Dieu se repent d’avoir créé l’homme ; il est forcé d’en noyer l’espèce criminelle dans
les eaux du déluge : une seule famille est jugée digne de vivre et de perpétuer sur la
terre la race infortunée des mortels. Tandis que l’ambition allume partout les feux de
la guerre, qu’elle enfante les conquérants, établit les empires sur les ruines de la
liberté, le chef de la nation sainte, attiré des bords de l’Euphrate aux rives du
Jourdain, en parcourt les déserts montueux, logeant sous des tentes. Dieu lui découvre
sa nombreuse postérité, dans la sombre succession
des temps à
venir ; au fond de ce divin miroir, Abraham aperçoit le libérateur promis ; ses enfants
passent en Égypte pour s’y former en corps de nation : la plus dure servitude n’empêche
pas leur propagation miraculeuse.
« Mais quel spectacle nouveau étonne et confond ma raison ! Moïse, que les
Israélites auront pour législateur, voit l’Eternel dans un buisson qui brûle sans se
consumer : il jette sa baguette devant Pharaon, laquelle est changée en serpent ; ce
monstre disparaît aussitôt sous la forme d’une baguette. Les Egyptiens trouvent l’eau du
fleuve changée en sang : à la prière du prophète, le sang se retire, et les eaux
recouvrent leur pureté. L’armée égyptienne environne les Hébreux au bord de la mer
Rouge : Moïse, étendant la main, écarte les eaux, qui s’élèvent de chaque côté comme un
mur de cristal : le peuple de Dieu rencontre, au milieu des ondes, un chemin solide. Les
flots du Jourdain se retirent pareillement pour lui donner passage ; lorsqu’il veut
entrer dans la terre promise, le fleuve remonte vers sa source. La puissance divine, qui
repousse les eaux, les fait sortir à gros bouillons du milieu d’un rocher, pour étancher
la soif des Israélites : on voit une pierre dure, parmi les sables brûlants de l’Arabie
que les rosées du ciel n’humectent jamais, vomir tout à coup une rivière miraculeuse.
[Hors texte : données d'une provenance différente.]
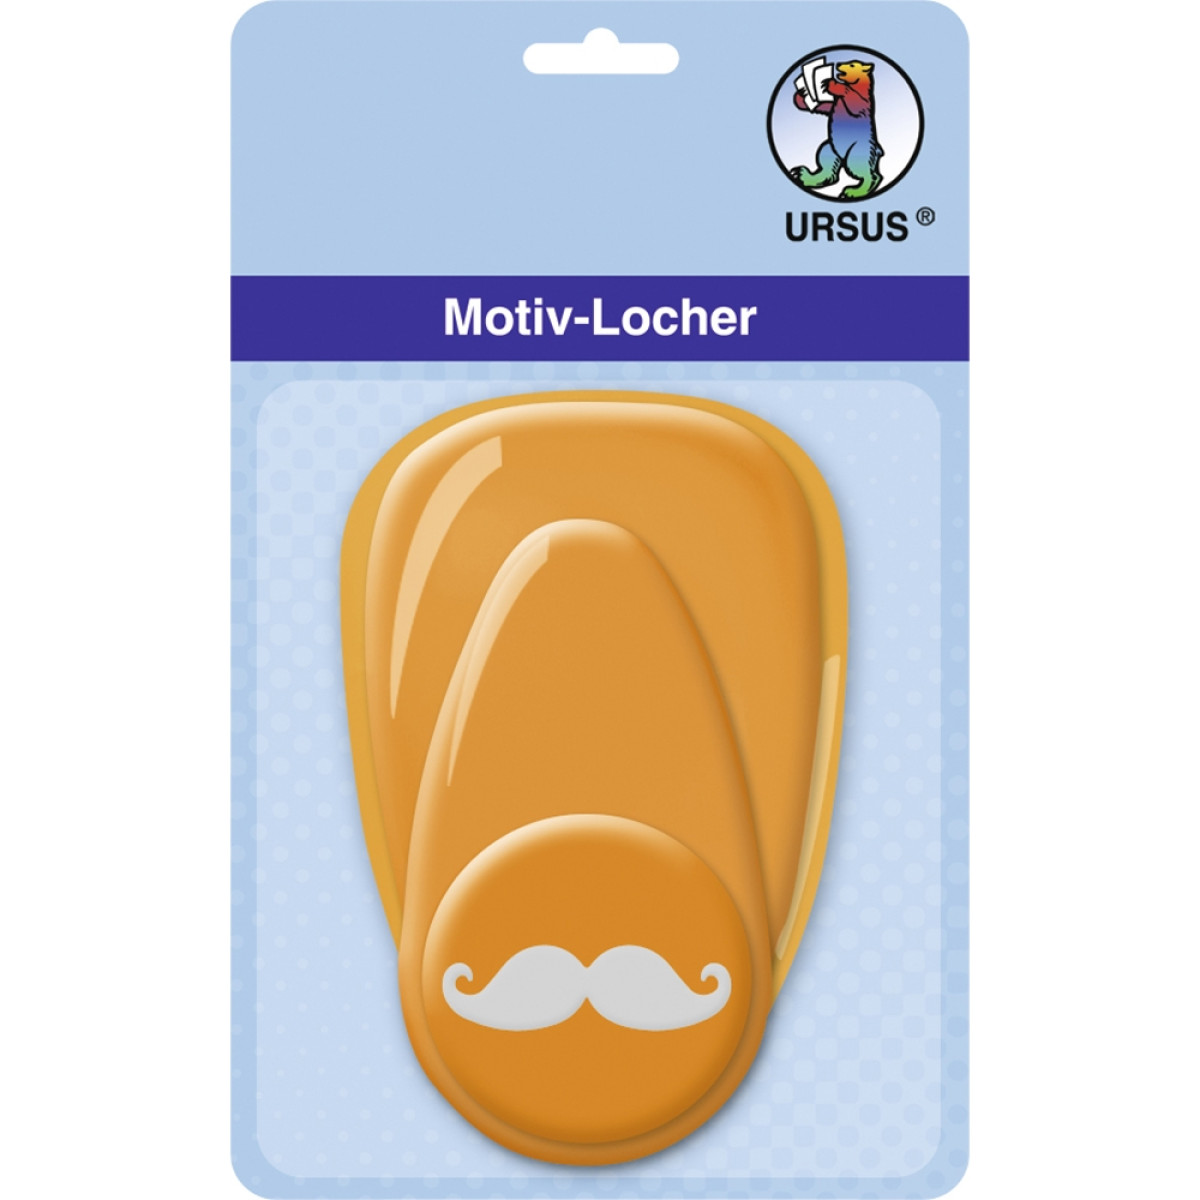 Motiv-Locher "mittel" Moustache
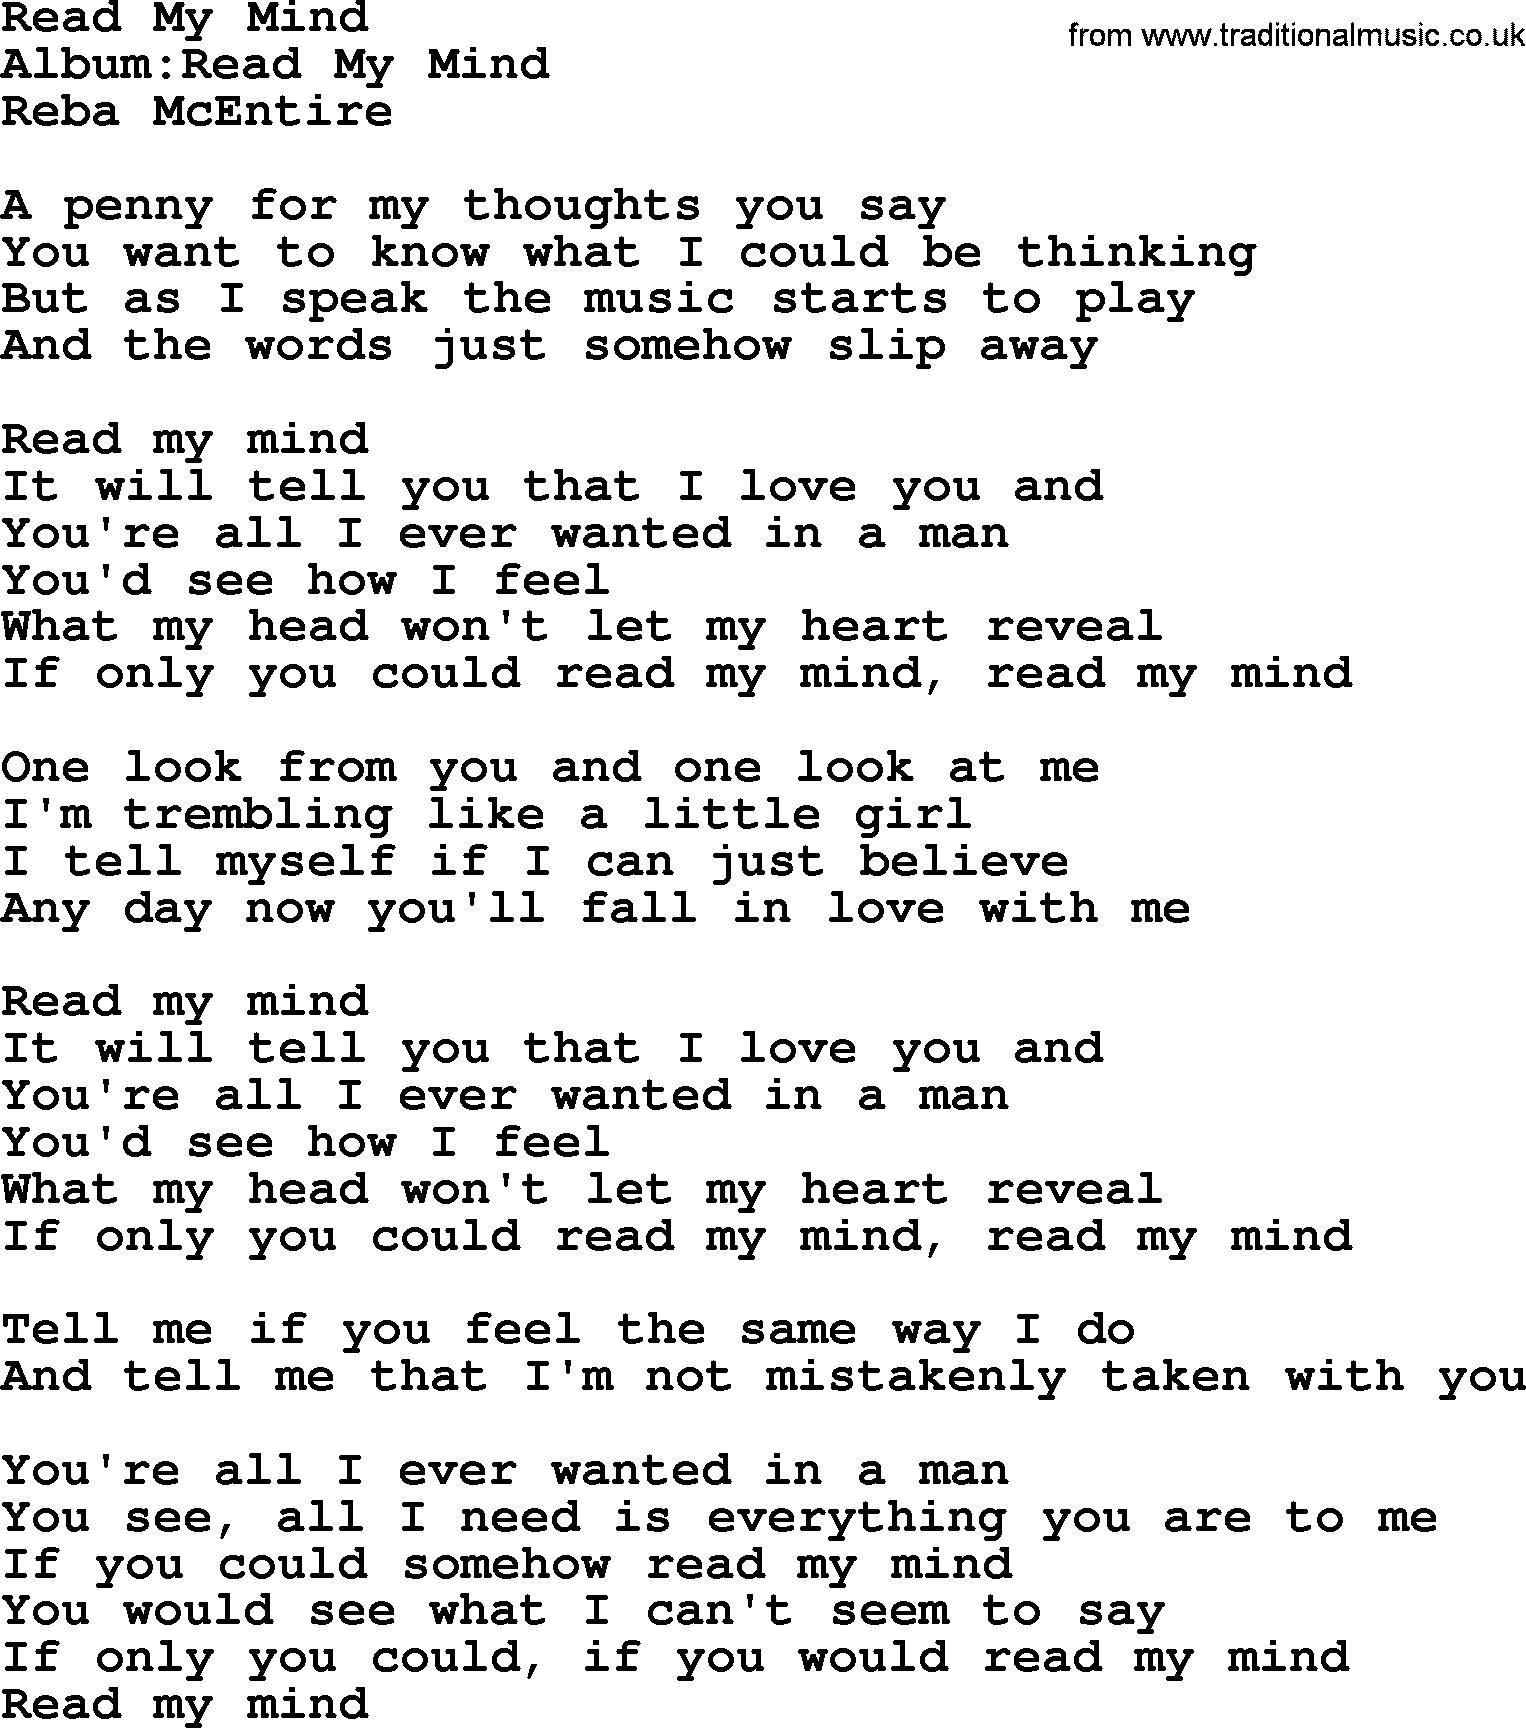 Reba McEntire song: Read My Mind lyrics

Les eaux de Mara perdent leur amertume : Moïse, y
ayant jeté
un bois mystérieux, le bitume dont la vase était pénétrée se dissipe, ou du moins il
retire ses influences désagréables, pour rendre aux eaux leur douceur naturelle. Le fer
de la cognée échappé des mains d’un prophète, tombe dans le Jourdain ; Elisée, ayant
prié, présente le manche, aussitôt le fer, nageant sur les flots, vient lui-même occuper
sa première place.
« Parcourez les miracles du conquérant de la Palestine ; il ordonne au soleil de
s’arrêter ; il fait tomber les murs de Jéricho au son des trompettes. Le peuple, cessant
d’être fidèle, devint l’esclave des Philistins ; les enfants de Loth, établis aux
environs de la mer Morte, accourent en foule pour enlever ses moissons et pour faire ses
vendanges : à peine rentre-t-il dans le devoir, Dieu suscite des juges qui le délivrent
de l’oppression. Il est gouverné par des rois, et, depuis Samuel, la succession des
prophètes n’est pas interrompue. Ces hommes, remplis de l’esprit de Dieu, et dévorés par
le zèle, ne cessent d’exhorter le peuple indocile, de le menacer de la part du
Très-Haut, qui fait venir enfin contre lui toutes les forces de l’Assyrie et de la
Chaldée. Israël est puni d’une double captivité, qui met fin à son
idolâtrie.
« Un nouveau temple s’élève sur les ruines de l’ancien après le retour des Juifs.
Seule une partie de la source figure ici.